Prove that through every point in space, not lying on a given line, there exists a unique line parallel to the given one.
let's name the point $A$, the given line $a$, and the searched line $b$.
I thought to create a a plane $(c, A)$, then the intersection between $(a,A)$ and $(c, A)$ will be a line passing through point $A$, and will be parallel to line $a$ and $c$. However firstly, I don't know how to prove that this line is unique. Also I have the sense that something is wrong with my proof.
On
First proof that the Point outside the line, and the line itself are in a plane.
You are given a point P and a a line. By postulates, we know that the said line contains two points, call them points A and B, respectively.
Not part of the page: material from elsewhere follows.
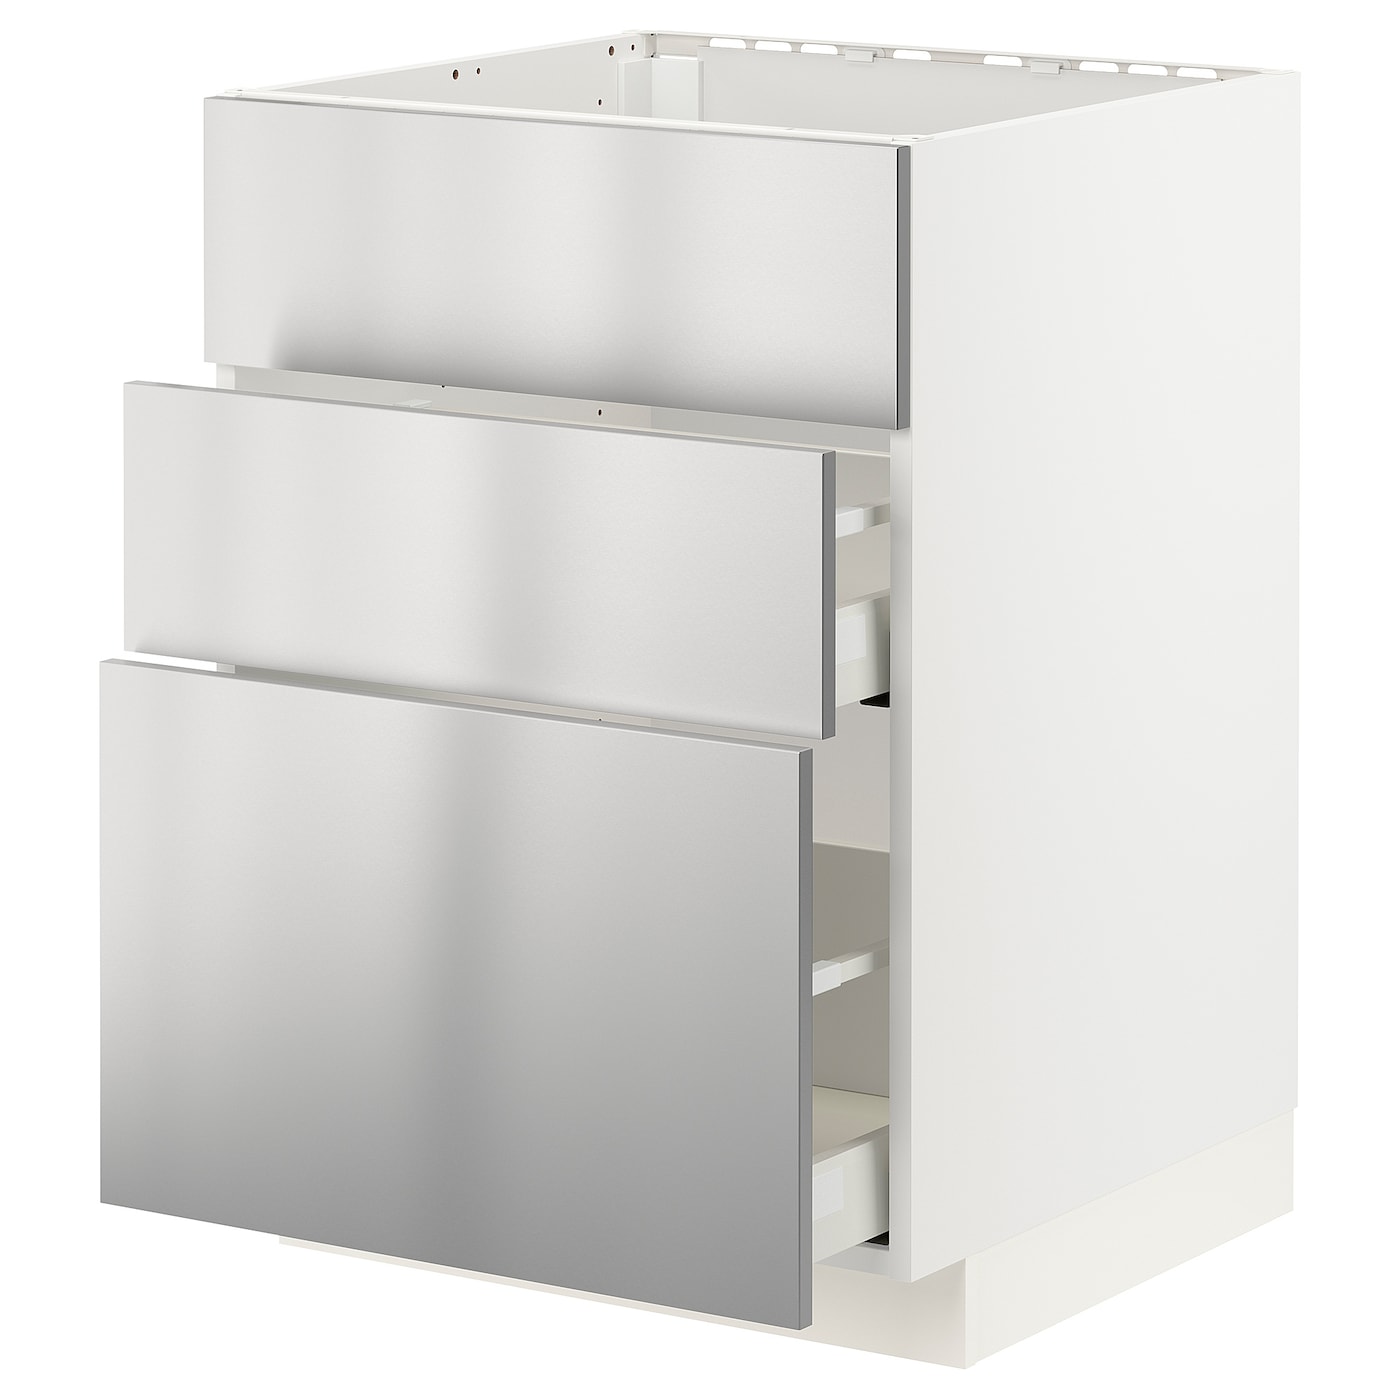 Напольный кухонный шкаф  - IKEA METOD MAXIMERA, 88x61,6x60см, белый/светло-серый, МЕТОД МАКСИМЕРА ИКЕА

Moreover, we are also guaranteed that there is exactly one plane through all these three points and that this planes contains point P and the line through points A and B. Recall that the notion of parallel lines only makes sense if the said lines are co planar. Hence this part is essential.
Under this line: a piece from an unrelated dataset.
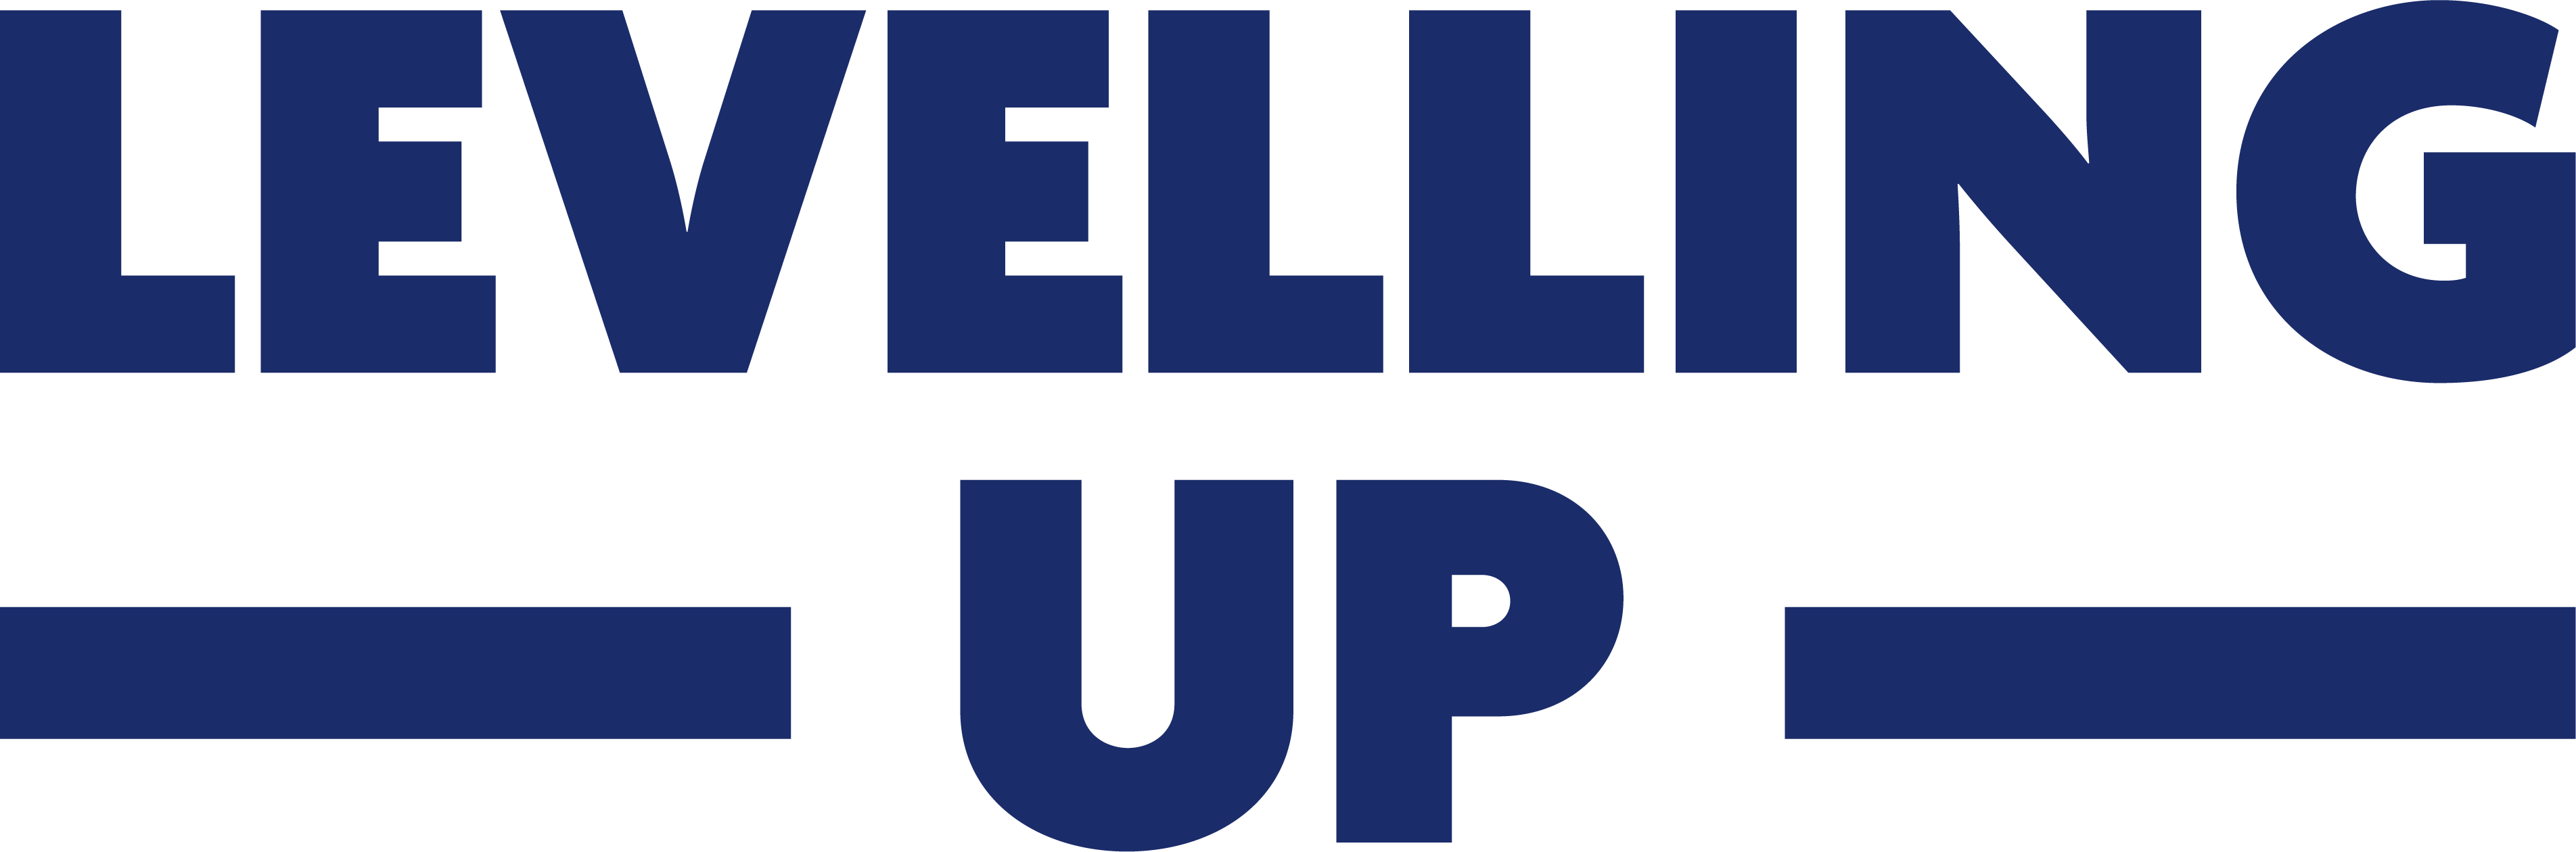 Levelling Up logo English

Now proof that we can draw a line through P parallel to line through A and B that we call line k.
Draw a line called m through point P, assuming that there is no line through P that is parallel to line k , there be a point of intersection called D shared by both line m and k.
Clearly, there is an angle formed by the rays DP and ray DA ( assuming point A is the left of D, otherwise just pick any point to the left on D on line k. )
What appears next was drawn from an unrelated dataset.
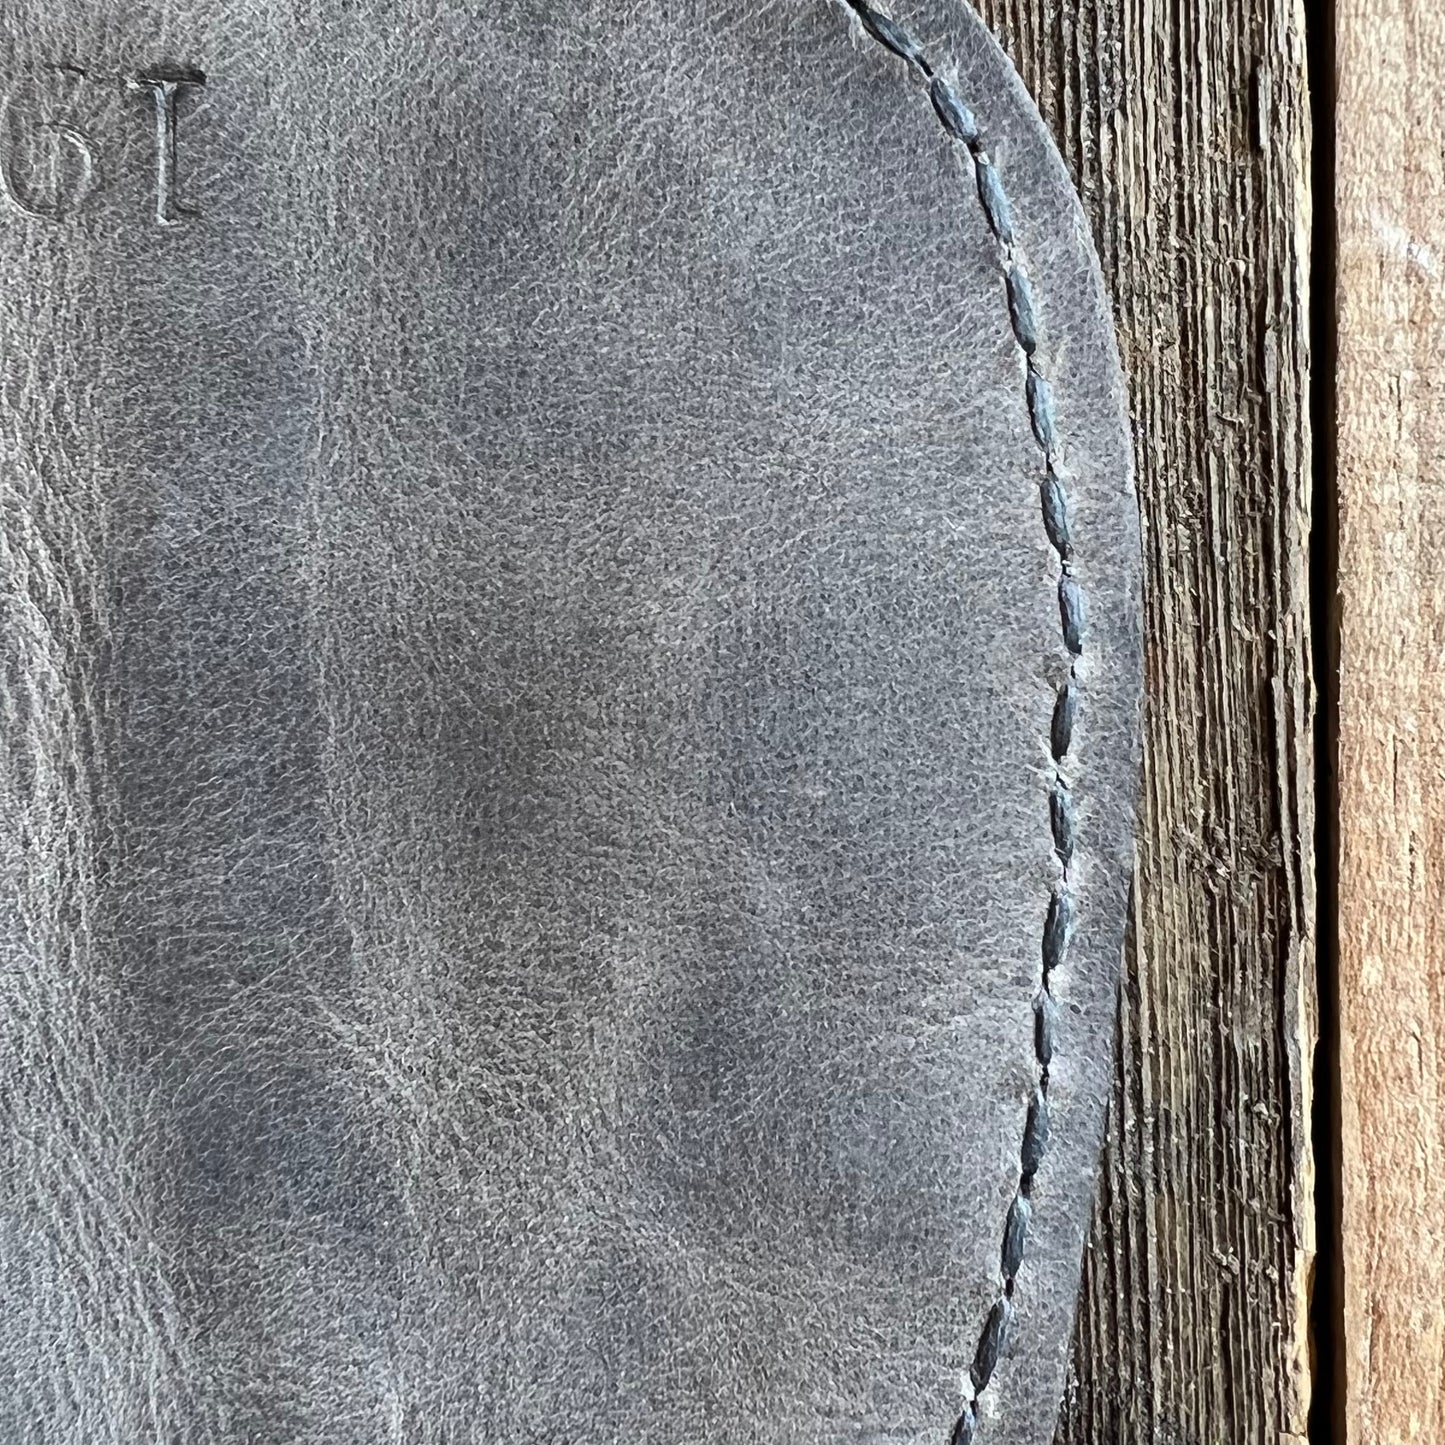 Charcoal stitching on smoke leather

Call this angle formed ALPHA.Assuming that our angle Alpha is restricted between 0 and 180
0 < ALPHA < 180 , note it can't be either 0 or 180 as this would mean that point P is actually on the line m.
Taking a look at our line m, we see that we have point D to the right of point P, now choose a point to the left of point P call it E.
By another postulate, the protractor postulate to be exact, We can pair all the angles based at point P with the numbers between 0 and 180, which reflect the degree measure starting from ray PD. All we have to do now is draw the angle that has measure value ALPHA, and extend its terminal rays into a line, call this line j.
It follows that line m is a transversal line through lines k and j. Since alternate interior angles are congruent / equal in degree measurement, we can conclude from yet another theorem/postulate, that lines k and j are parallel.
QED.
I'm using Geometry by as Jurgenson reference.This is a proof by contradiction.
I used from the book
Postulate 3 on pg 18 Postulate 5 on pg 23 Postulate 8, 9 on pg 23 ThEOREM 1-1 ON pg 23. Theorem 3-5 on pg 83.
My proof only shows the existence part. I think in these types of proofs the existence is the hardest part.
This question is about Euclid's fifth postulate (parallel postulate). A postulate (or axiom) is something that we assume to be true as an initial premise.
You mentioned that this postulate doesn't come natural to you, which is undesireable for postulates. The Wikipedia atricle contains this line:
I find that a thorough reading of the Wikipedia page may shed some light on the "comming natural to you" part of it all.